Barker: Could the Teton Dam be rebuilt?
February 07, 2011
Published in Idaho Statesman
The support for the Teton Dam in eastern Idaho dropped dramatically in June of 1976, when the dam collapsed.
The Bureau of Reclamation had just filled it for the first time when the earthen dam dissolved, sending a wall of water through the towns of Teton, Newdale, Sugar City and Rexburg.
At least 11 people died and the dam, built ironically for flood control, ended up causing more than a billion dollars in damages. But Idaho’s irrigation lobby, the “water buffaloes,” have pushed for rebuilding it ever since.
Now a new poll paid for by American Rivers, a national conservation group, shows that with the deaths and the flooding out of the memories of most eastern Idahoans, the simple question of whether the Teton Dam should be rebuilt gets a split response — with a slight advantage for rebuilding.
But at a time when the federal deficit has hit alarming levels and the state is talking about laying off hundreds of teachers and eliminating dozens of traditional services, the views change quickly when the talk turns to paying for it.
The poll shows residents of Southeast Idaho prefer making improvements in water efficiency to rebuilding Teton Dam by a margin of 63 to 26 percent.
And this poll was not done by some left-leaning Washington, D.C.-based pollster. It was done by Bob Moore, of Portland, who does most of the Republican Party’s polling in Idaho.
“In this economic climate, people are going to make choices based on cost first and foremost, and building new dams is extraordinarily expensive,” Moore said.
The poll, conducted in December by Moore Information, interviewed 300 residents of Southeast Idaho.
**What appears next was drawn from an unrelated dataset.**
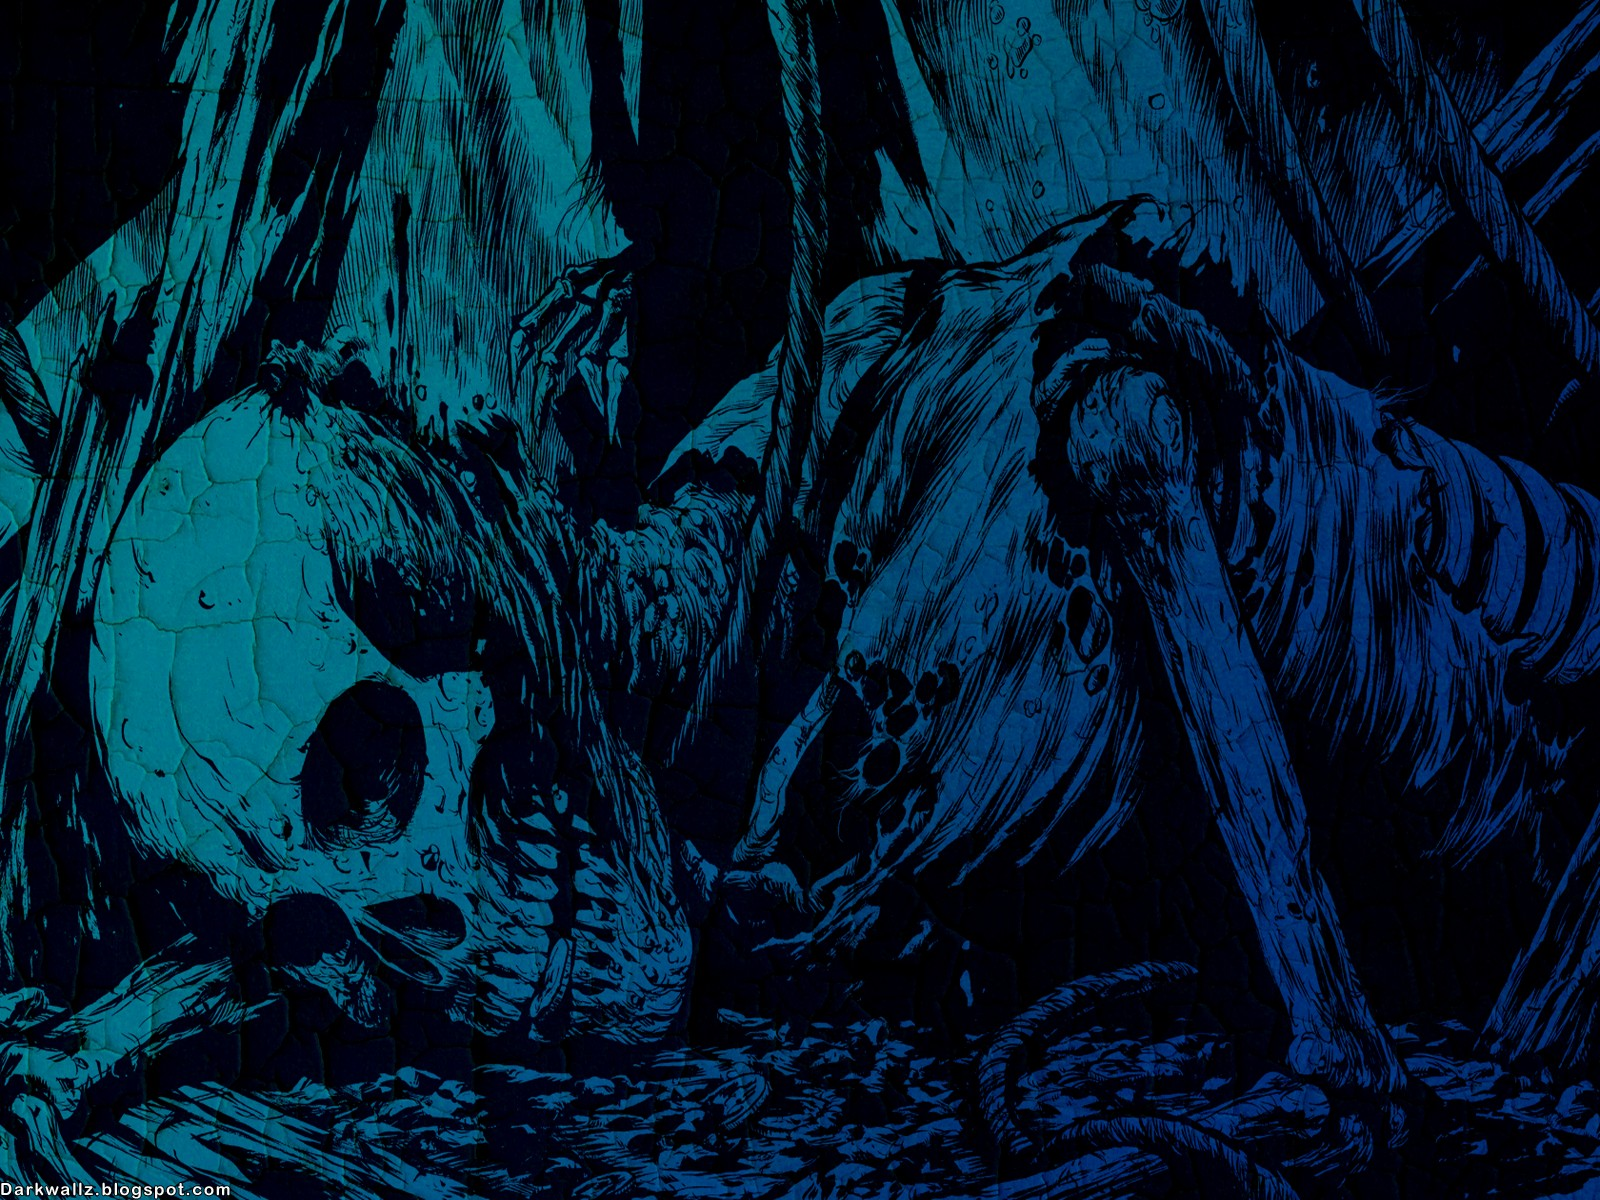 Cool D Flaming Skull Wallpapers Hd Wallpaper Full Pinterest 1600x1200

It has a margin of error of plus or minus 6 percent.
The Bureau of Reclamation and state are in the midst of a two-year study to evaluate options for replacing the storage water that was lost when the dam failed.
To rebuild the Teton Dam would cost from half a billion to a billion dollars. Bureau officials have always said they are confident they could do it this time without a failure.
But the Teton River has recovered remarkably into a world-class trout fishery. Tourism is a much larger part of the economy of eastern Idaho today than it was in 1971 when the dam was authorized.
Few people are talking about building more big dams in the West despite the water shortages. Still, the Teton Dam is authorized by Congress — a huge leg up when it comes to dam-building.
All a future congressional delegation has to do is get the $1 billion added to an appropriations bill. Imagine a future stimulus bill, where a future bureau presents a “shovel-ready” project.
I know this is unlikely. There will clearly have to be a new environmental impact statement — and unlike before, the bureau will have to show a new project’s benefits really do outweigh its cost.
Any new dam project, including the dams the bureau and the state are looking at in the Boise Basin, will have to find someone to pay for them.
“Cost aside, the poll also found broad and deep support among Southeast Idahoans for protecting the region’s rivers for their natural and recreational values,” Moore said.